WHAT YOU ARE ASKED TO DO | Beginning with the line that has "Free Download HD" and ending with the line that has "Foldable Ballet Flats", retype the entries below exactly, except for the pictures.

======== DATA EXTRACT

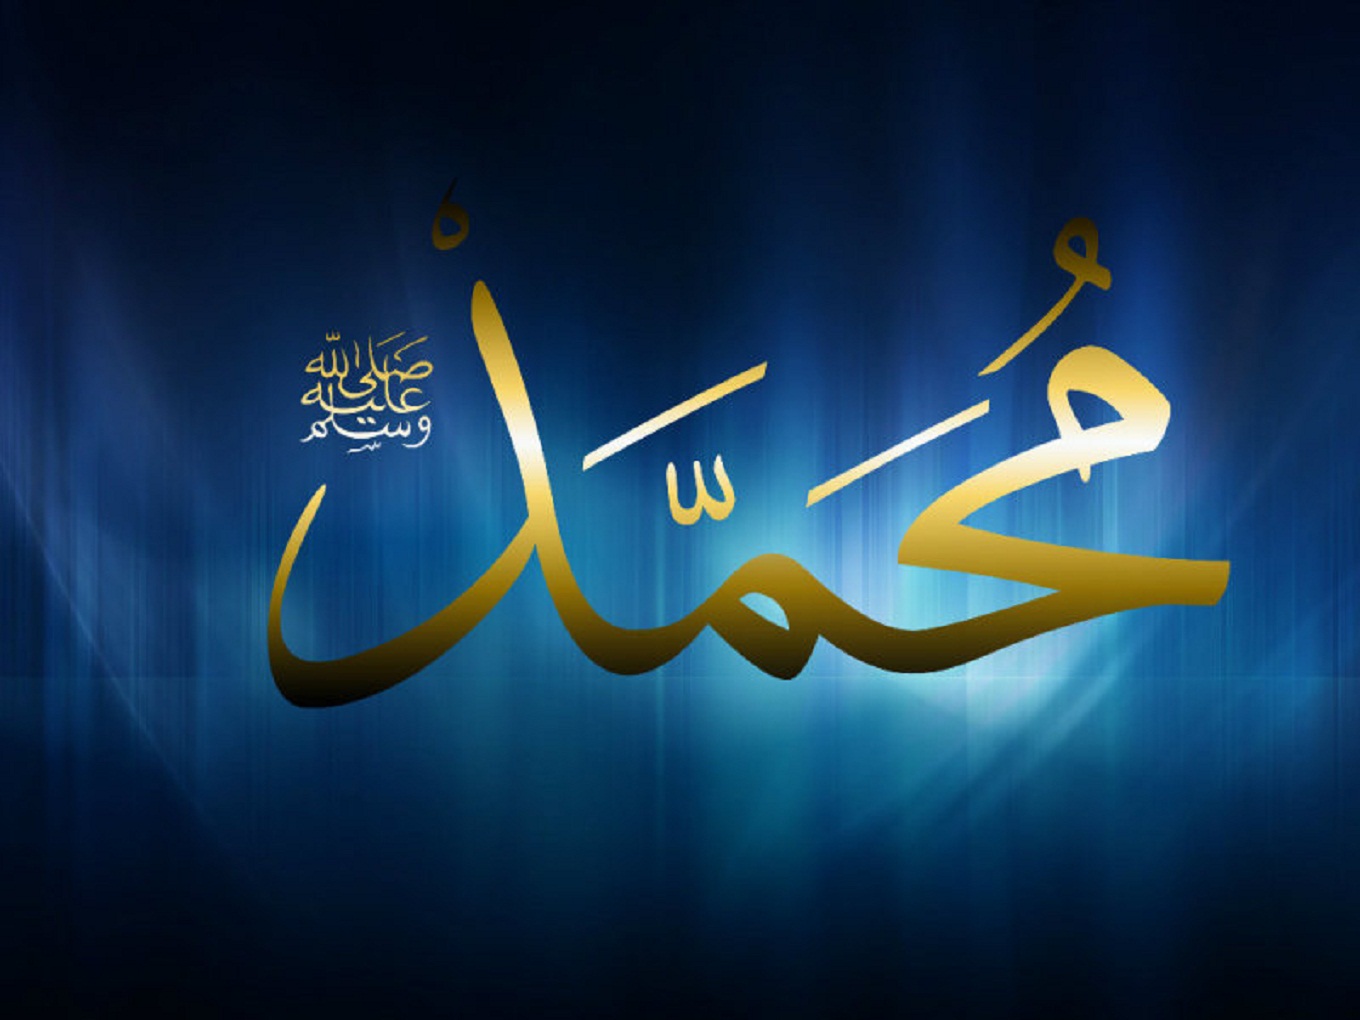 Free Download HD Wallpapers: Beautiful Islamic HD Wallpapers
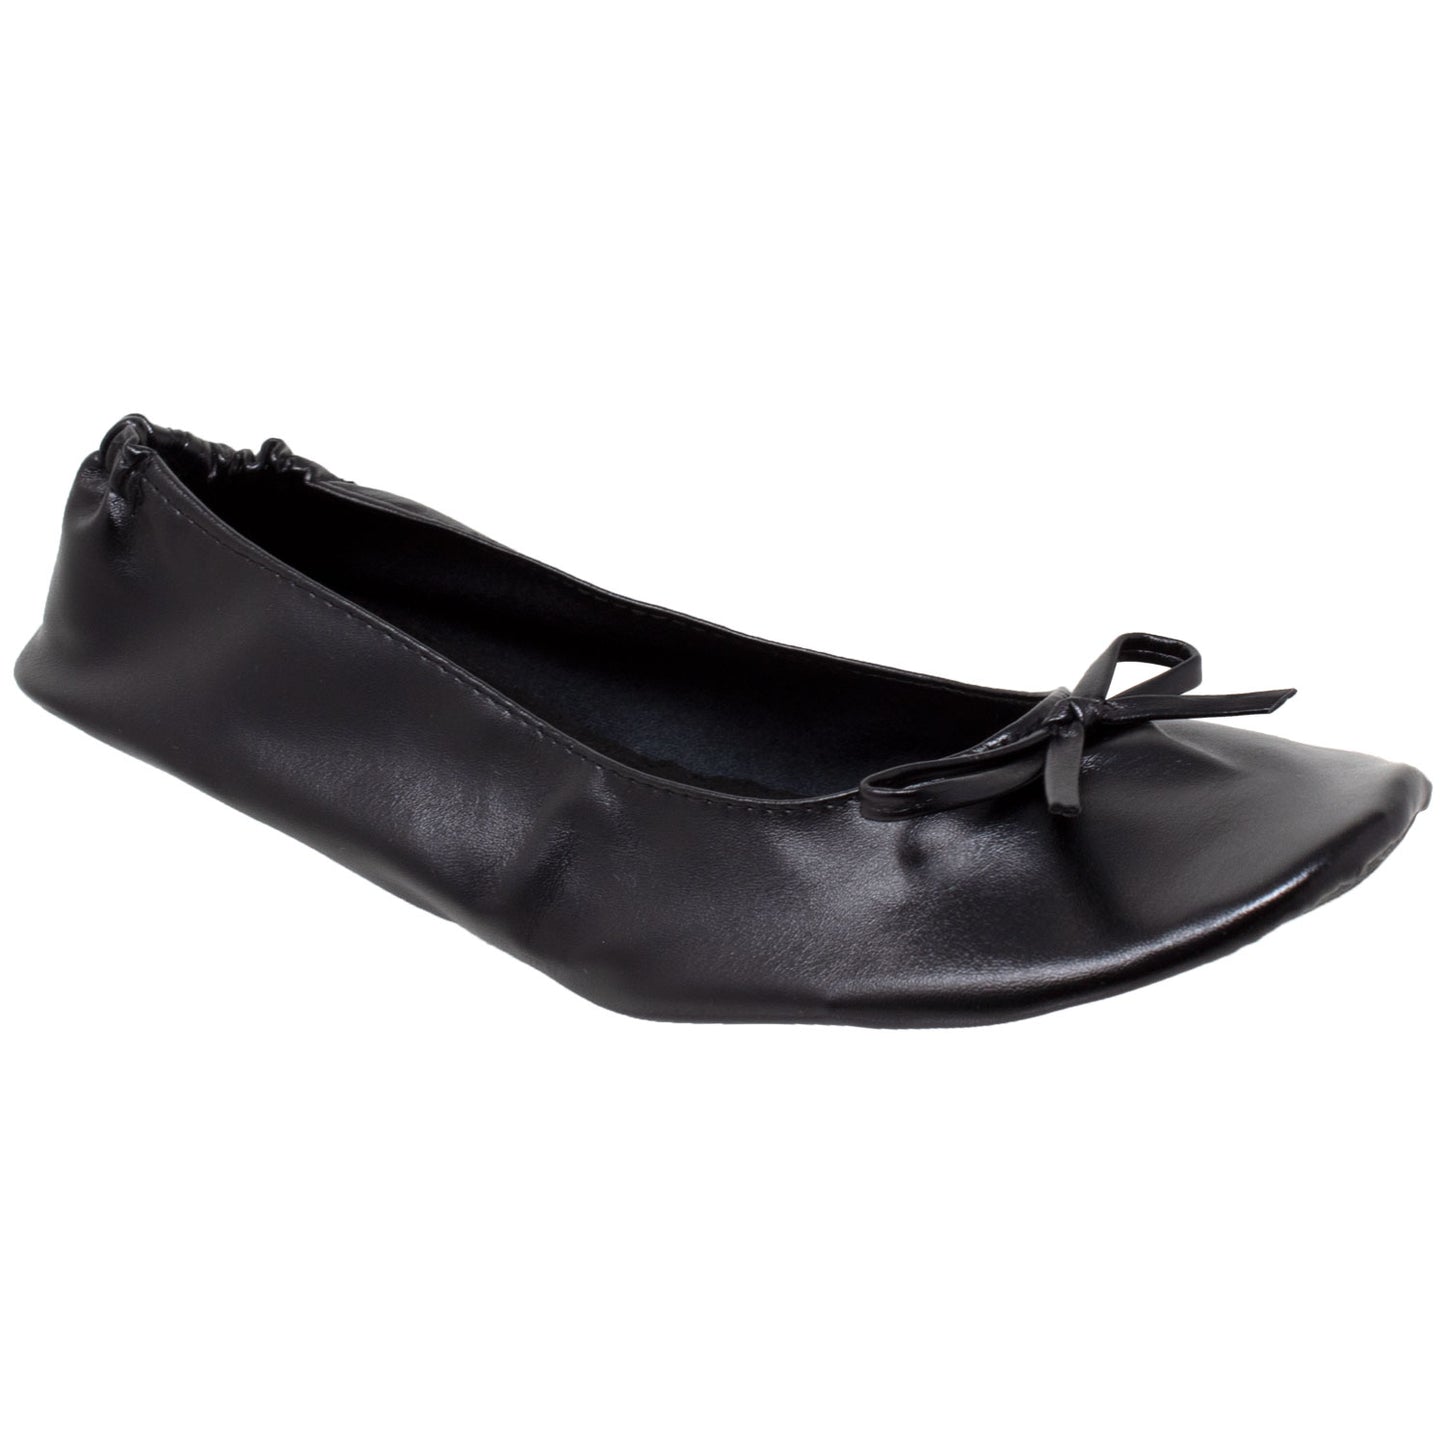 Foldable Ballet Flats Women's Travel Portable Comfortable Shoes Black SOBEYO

================
======== DATA EXTRACT

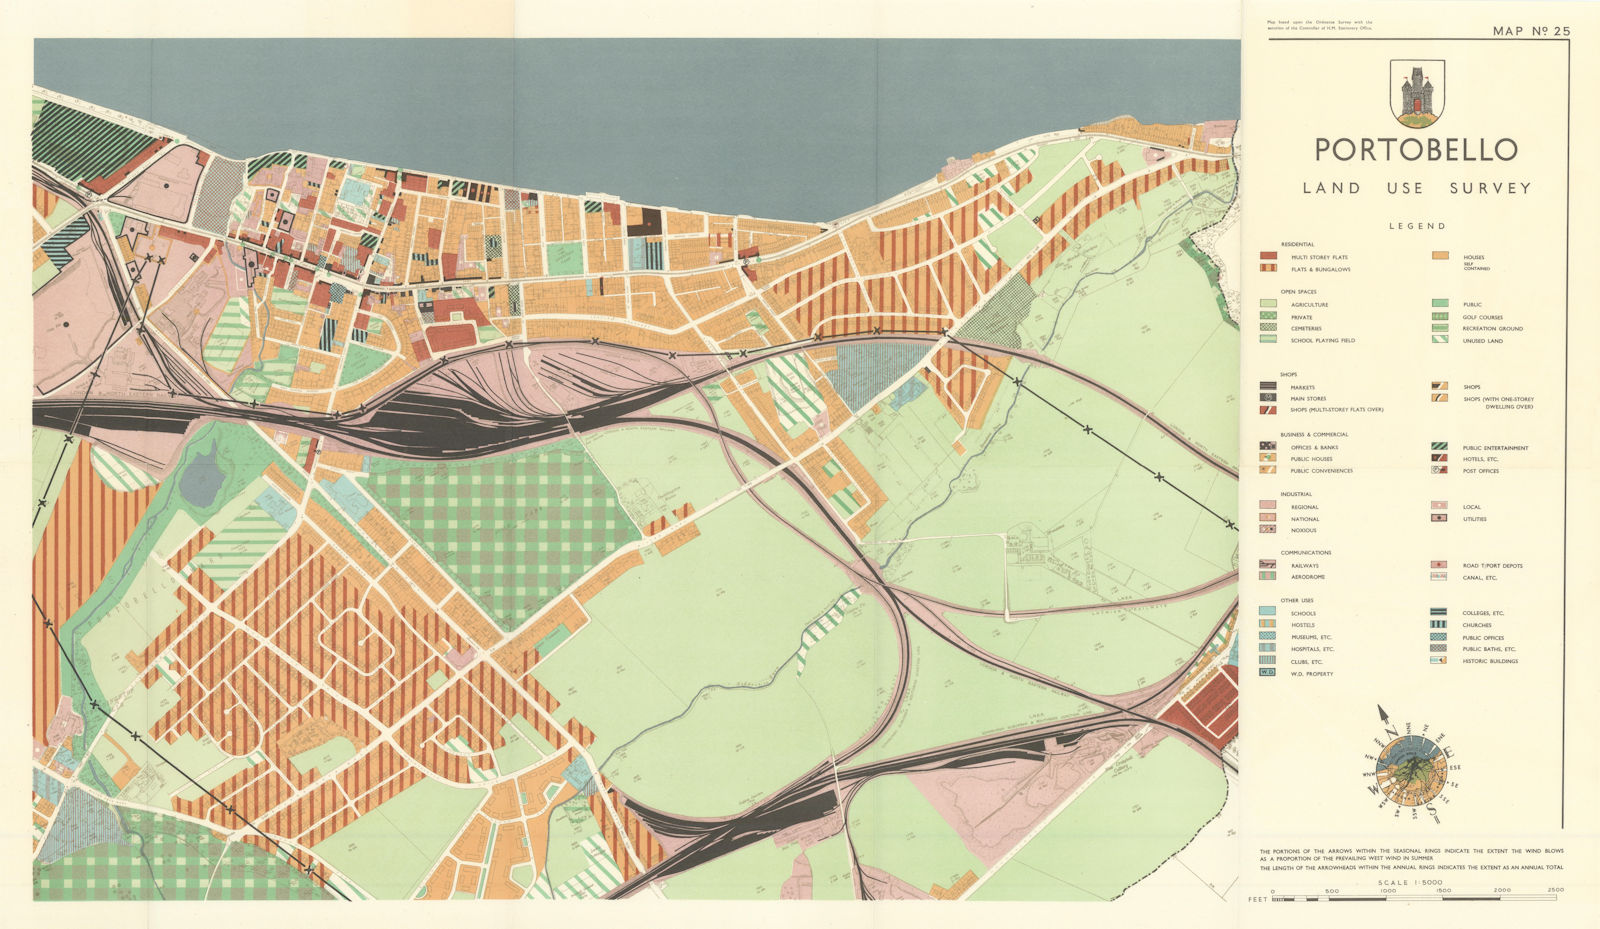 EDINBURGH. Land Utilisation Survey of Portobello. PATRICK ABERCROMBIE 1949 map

================

ANSWER FOR THIS EXERCISE |
 Free Download HD Wallpapers: Beautiful Islamic HD Wallpapers
 Foldable Ballet Flats Women's Travel Portable Comfortable Shoes Black SOBEYO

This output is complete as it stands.